As verdades sobre o óleo de cártamo

CártamoAtualmente, é bastante comum a procura pelo óleo de cártamo em farmácias, lojas e sites especializados. As alegações são muitas e incluem aceleração do metabolismo de gorduras, atenuação de processos inflamatórios, controle nos níveis sanguíneos de colesterol e açúcar e promoção do emagrecimento.

O cártamo é uma planta de origem asiática e já foi muito utilizada para o tingimento de seda.

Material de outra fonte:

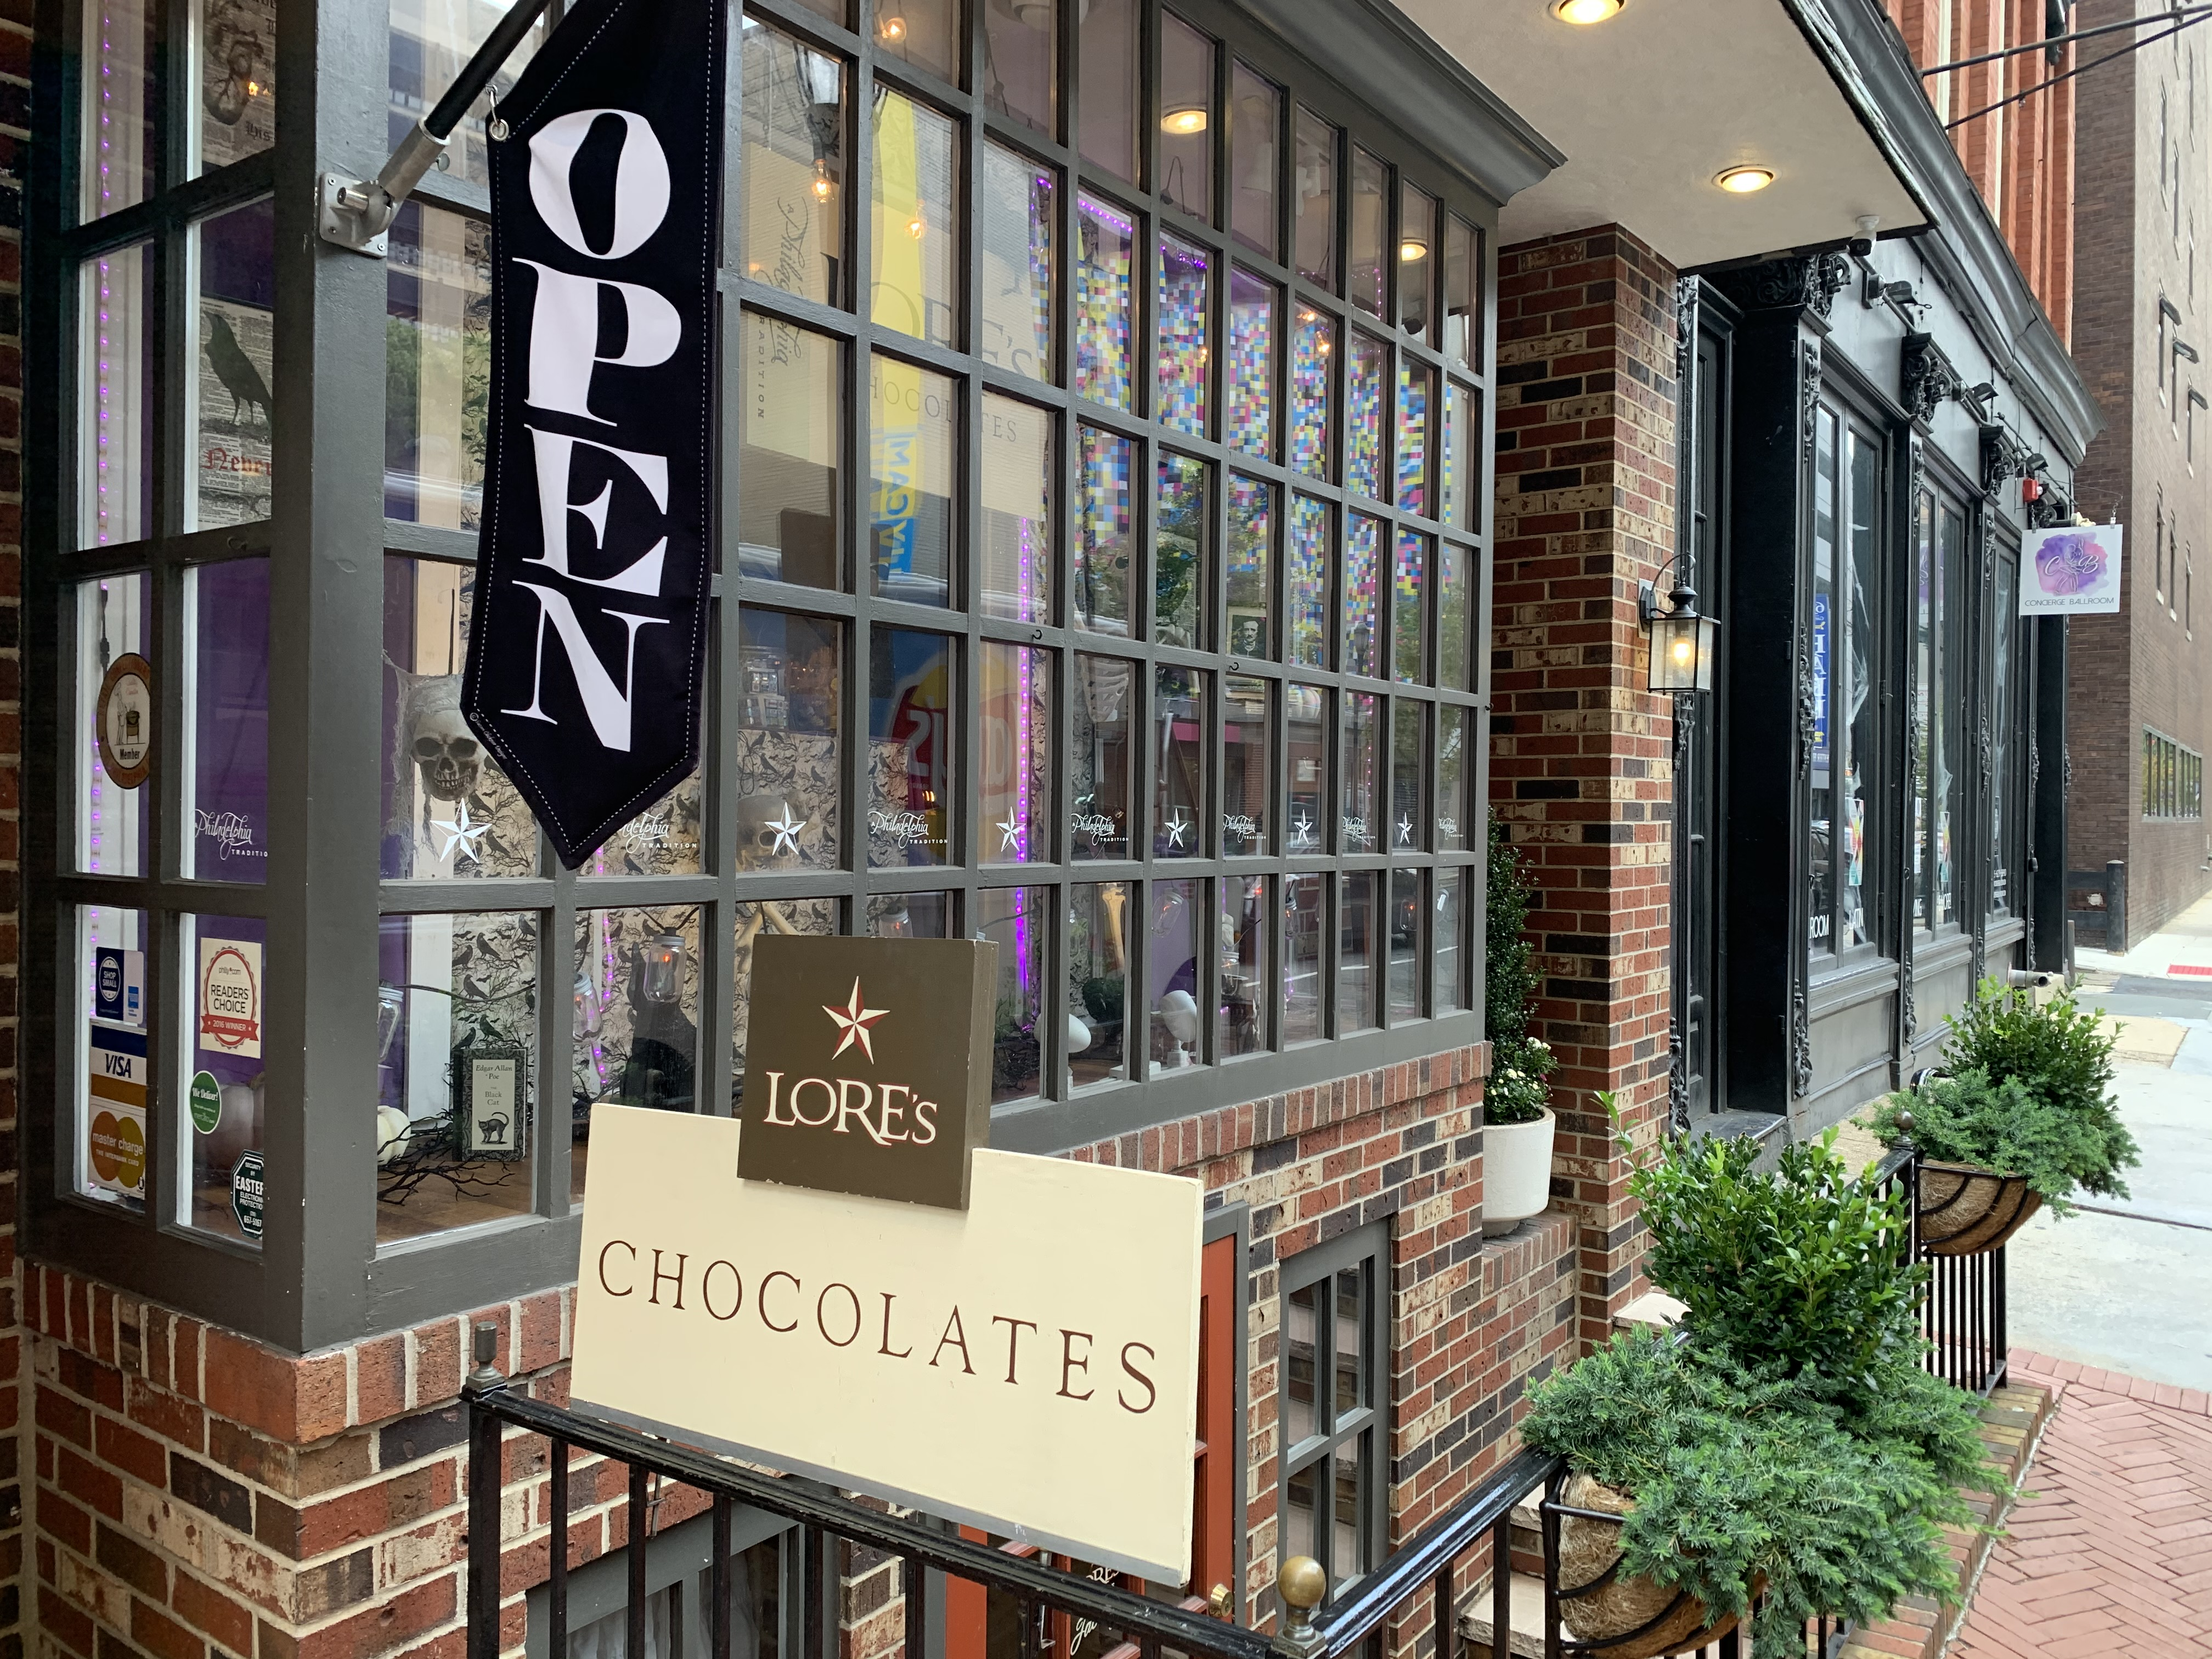 Lore's Chocolates

De sua semente é extraído o óleo, que tem uso culinário e boa estabilidade em altas temperaturas. Sua composição é rica, com alto teor de gorduras poli-insaturadas, e maior destaque para o ácido linoleico, além de apresentar compostos antioxidantes.

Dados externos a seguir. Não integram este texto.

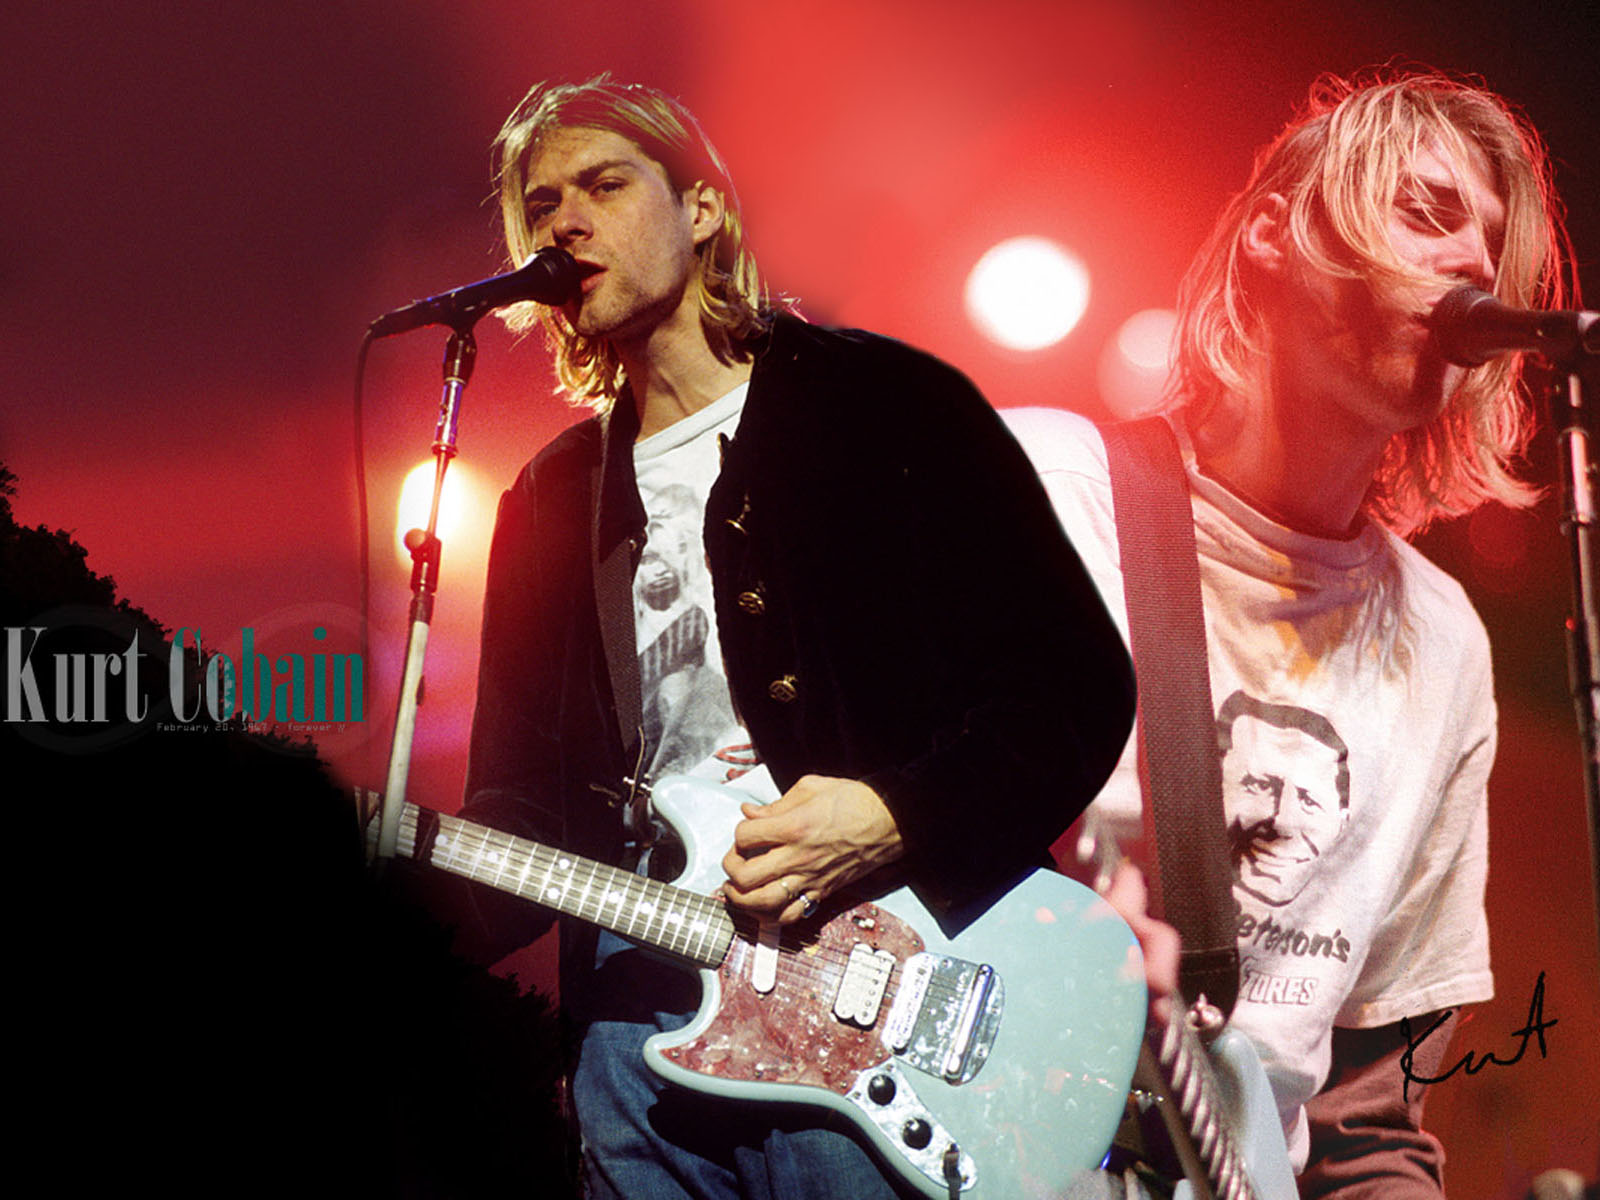 Kurt Cobain HD WallpapersKurt Cobain Wallpapers Pictures 1600x1200

Os reais benefícios desse óleo ainda não estão cientificamente comprovados. Praticamente a totalidade dos estudos realizados foi em animais e, desta forma, os resultados encontrados ainda não podem ser extrapolados para a utilização em humanos. Da mesma forma, os mecanismos de ação do óleo de cártamo frente aos resultados obtidos, ainda não estão completamente elucidados.Óleo de cartamo

As condutas para o tratamento de perda de peso e controle de doenças crônicas como a hipercolesterolemia ainda são as mesmas, e não devem ser excluídas em função de novos produtos ainda não validados. A suplementação do óleo de cártamo para ações no metabolismo energético e controle de peso corporal não deve ser utilizada e necessita ser vista com maior cautela por parte dos profissionais de saúde e da população.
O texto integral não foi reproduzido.